The idea that this freedom might disappear never entered my mind. There was the awareness of a permanent shift, because what awoke to itself was timeless consciousness. At times, people describe awakening as a powerful experience of transcendence that comes and then goes. Some teachers warn that such awakening can become a memory that the mind uses as a reference point. They emphasize that we must keep awakening in every moment. I can only say that such words do not apply to genuine awakening or, to use a more precise term, realization.

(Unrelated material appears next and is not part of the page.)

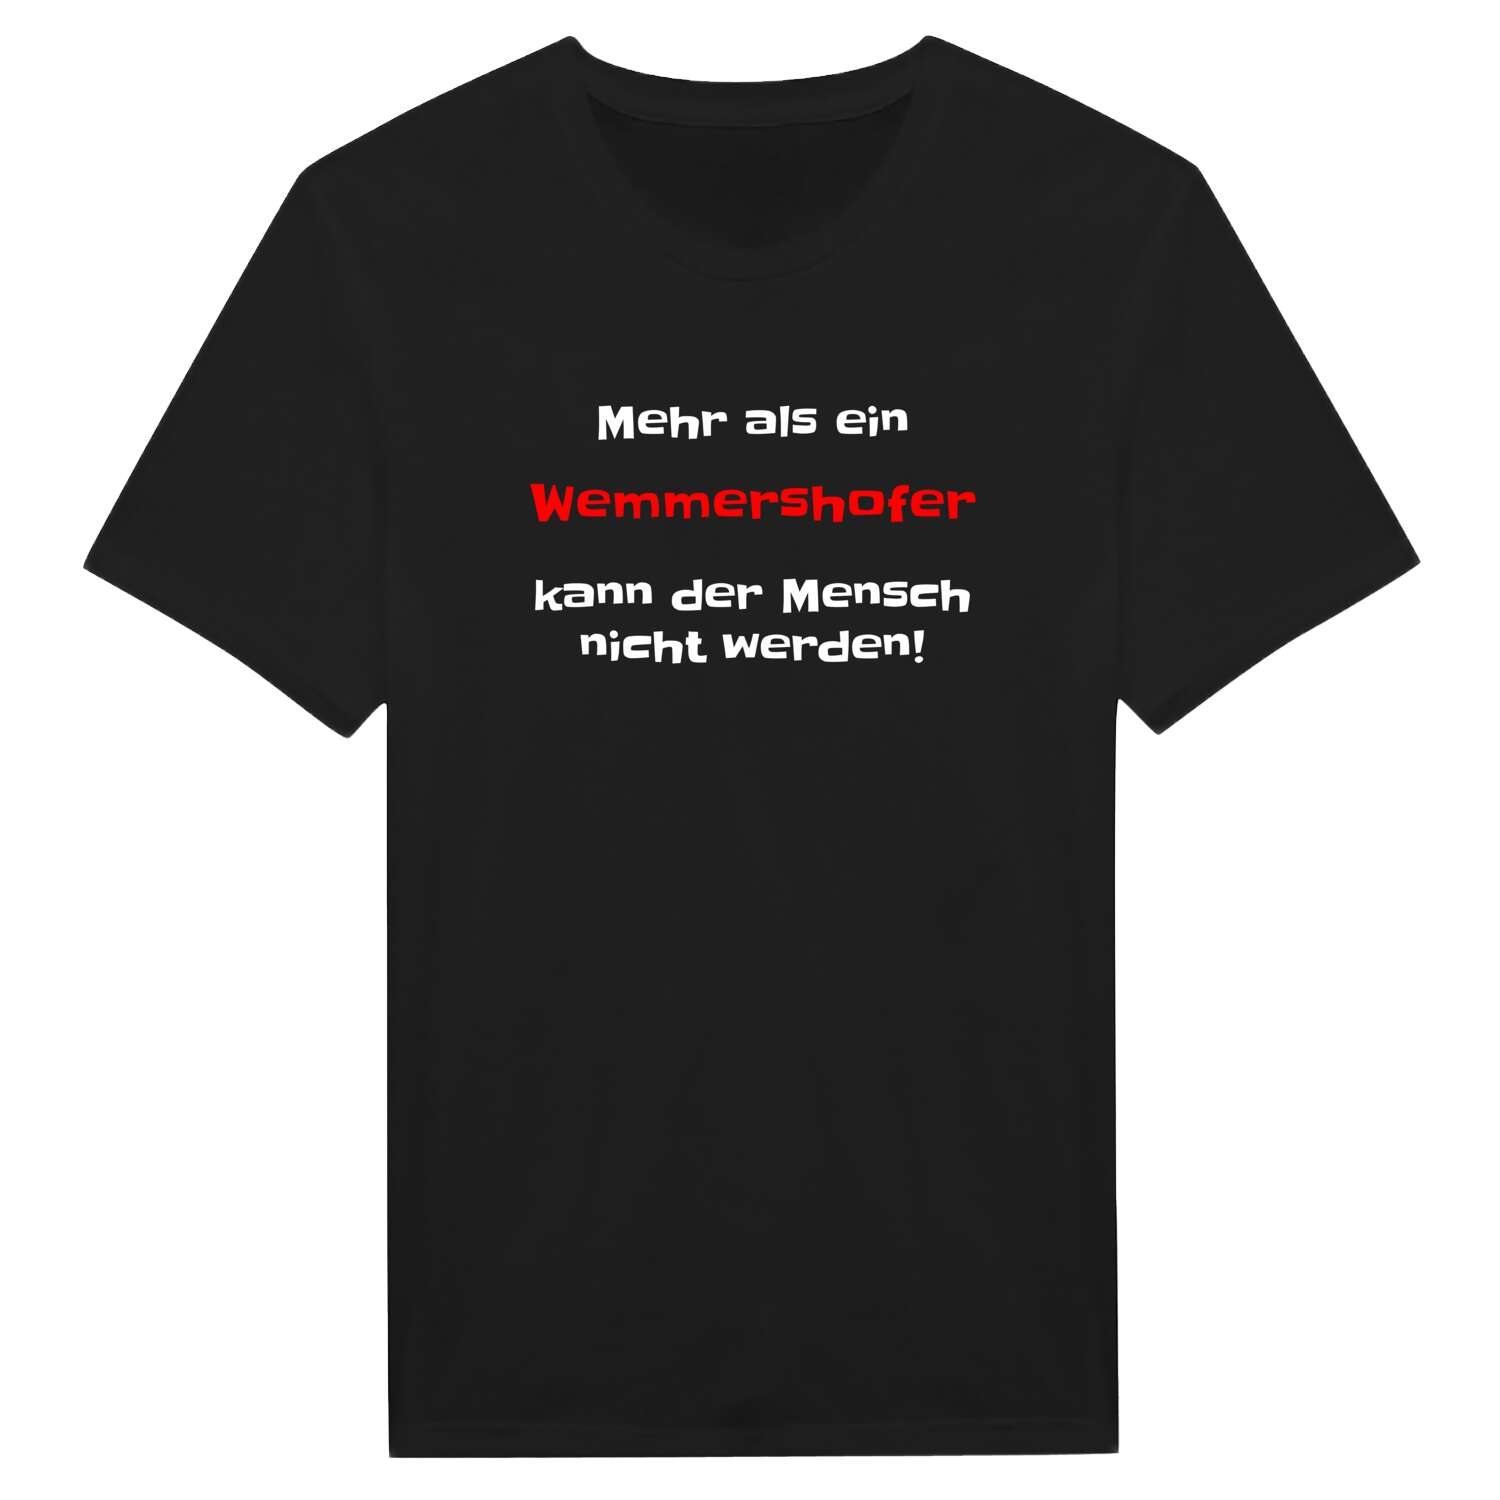 Wemmershof T-Shirt »Mehr als ein«

If you truly realize that your nature is consciousness, it cannot exactly be called a “moment” of awakening, for that emphasizes temporality and partiality. By definition, if it is merely a moment or a memory for you, then it was never realization of timeless truth. When I refer to realization, I am not speaking of glimpses of oneness or seeing that the self-image cannot define you. I am speaking of the irrevocable seeing of true nature, absolute reality, which has been called a turning-about in the deepest seat of consciousness, entering the stream, or gnosis. There are well-known ways of ascertaining genuine realization from partial insights and subtle mind states.

 

The signs of realization include first of all the awareness of a radical shift of identity and understanding. The shift has a weight of authority that cannot be touched or approached by anything else. Also, the change must include both identity and understanding. Although it brings a degree of wonder and bewilderment, it is made of a vast clarity and direct insight. Whereas previously we understood spiritual teachings partially or vaguely, both the reality itself and the words that point to it are now crystal clear. If there is not the sense of thorough liberation and illumination, it is not realization.

 

The next sign is a great peace of mind, a peace that is weightless and transparent. This comes with a sense of release and lightness of heart that are too fine and subtle for words. It is not just that “I” am free but that reality is and has ever been free. Existence is whole, complete, and radiant. It was never the somewhat sad and senseless thing we imagined.

 

The next sign is the arising of a great love for all beings, almost like a slow-moving tidal wave. The tidal wave does not come to crash over and change and fix everyone like the restless waves of the deluded, missionary mind. It comes as a welling up of compassion, affection, and the awareness of inseparability. If this seeing is true, it brings an abiding urge to serve, help, and embrace others in truth and love.

 

All things become dear and precious, and that leads to the next sign, which is that for the awakened mind the preciousness of things and of human existence is not separate from but is rather a perfect reflection of the absolute. Though there is great detachment—a detachment made of total clarity as to the nature of delusion versus wisdom—there is no distance. The detachment is the clarity aspect of wisdom. The lack of distance is the love aspect of wisdom. So one feels the whole of the human experience as infinitely precious and meaningful, at the same time as knowing that our journey in life has been largely shaped by confusion. But we can awaken, and there are no mistakes in this divine scheme. There is only grace, and life is a precious opportunity to discover this.